Official Estimate of Impact of Supreme Court’s Bracken Decision is Revealed at Hearing – Not as Big as Feared, But Still a Big Gulp for Lawmakers

Gov. Jay Inslee pledges his support for state's newest industry.

A big, big problem, says Gov. Jay Inslee.

OLYMPIA, Jan. 25.—An estate-tax ruling from the state Supreme Court will cost the state $160 million if the Legislature takes no action, lawmakers were warned by the state Department of Revenue Friday. That’s a bit less than the $300-millionish figure that had circulated widely at the statehouse in recent days, but still enough for alarm in a year when the Legislature doesn’t have an extra nickel.
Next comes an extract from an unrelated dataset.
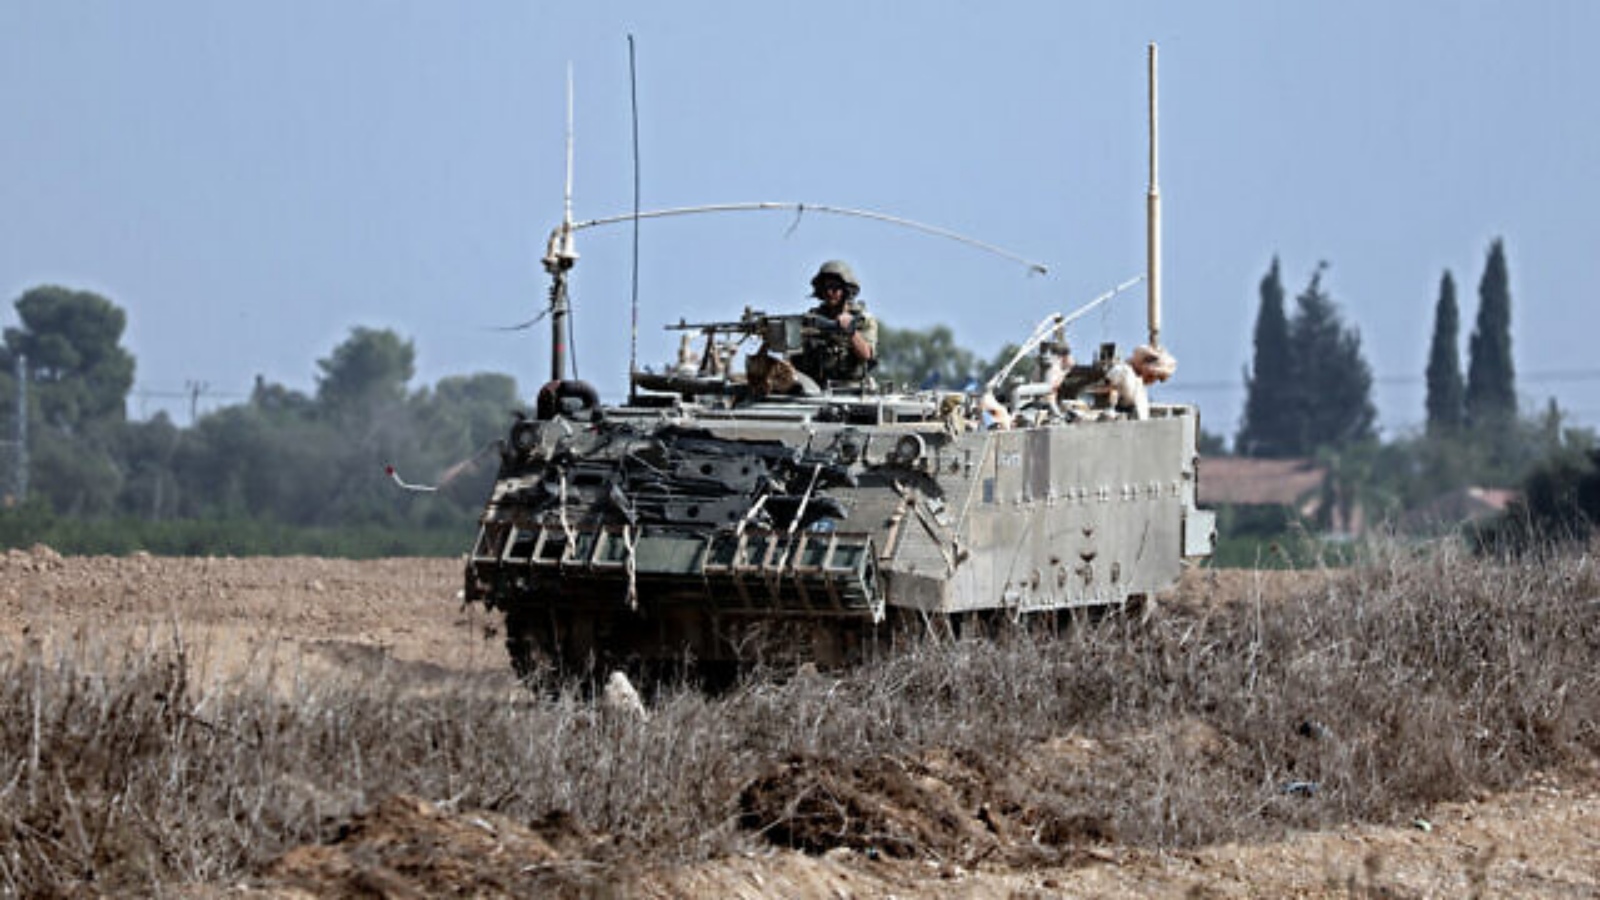 ناقلة جنود مدرعة تابعة للجيش الإسرائيلي تتقدم في حقل بالقرب من مدينة سديروت بجنوب إسرائيل، في 23 أكتوبر 2023، وسط معارك مستمرة بين إسرائيل وحركة حماس الفلسطينية

And it sets up a debate sure to rage in coming weeks as lawmakers try to decide how they might respond – fix the state estate tax? Or just junk it entirely?

The Department of Revenue presented its official estimate Friday during a hearing of the House Finance Committee. The Supreme Court’s decision last October essentially wiped out the state’s ability to collect estate taxes when the surviving partner in a marriage dies, if a commonly used estate-planning tool is utilized. “Marital estates, if properly implemented, would avoid the estate tax completely,” said Drew Shirk of the Department of Revenue.

The decision became final after the Supreme Court rejected a motion for reconsideration Jan. 10, just before the start of this year’s session. It leaves lawmakers to decide whether they want to pass a bill to reimpose the state’s estate tax, which is levied on estates of more than $2 million. The hitch is that a vote to raise taxes would require a two-thirds vote of the House and the Senate, at a time when 10 Republicans have signed onto a bill in the House that would ditch the tax entirely. Which puts the administration of Gov. Jay Inslee in a political pickle in its opening days.

In comments to reporters Thursday, Inslee said it’s not the only difficult decision that has been forced on the Legislature by the Supreme Court – the other, of course, is last year’s ruling in the McCleary case that requires lawmakers to come up with an extra $1 billion or more for K-12 education in the current session. “I think we are all going to have a very thorough evaluation of the ramifications of this decision,”he said. “We know that the McCleary decision requires billions of dollars of investments in public education, and we know that this decision has the capability, perhaps, of diminishing revenues in the tens if not hundreds of millions of dollars.

“So we all are going to have to take a step back and evaluate what the real ramifications of this real decision are. We have not done that yet. We will be talking about that for the months to come.”

A Common Tool

Final figures were revealed Friday to the House FInance Committee.

Final figures were revealed Friday to the House Finance Committee.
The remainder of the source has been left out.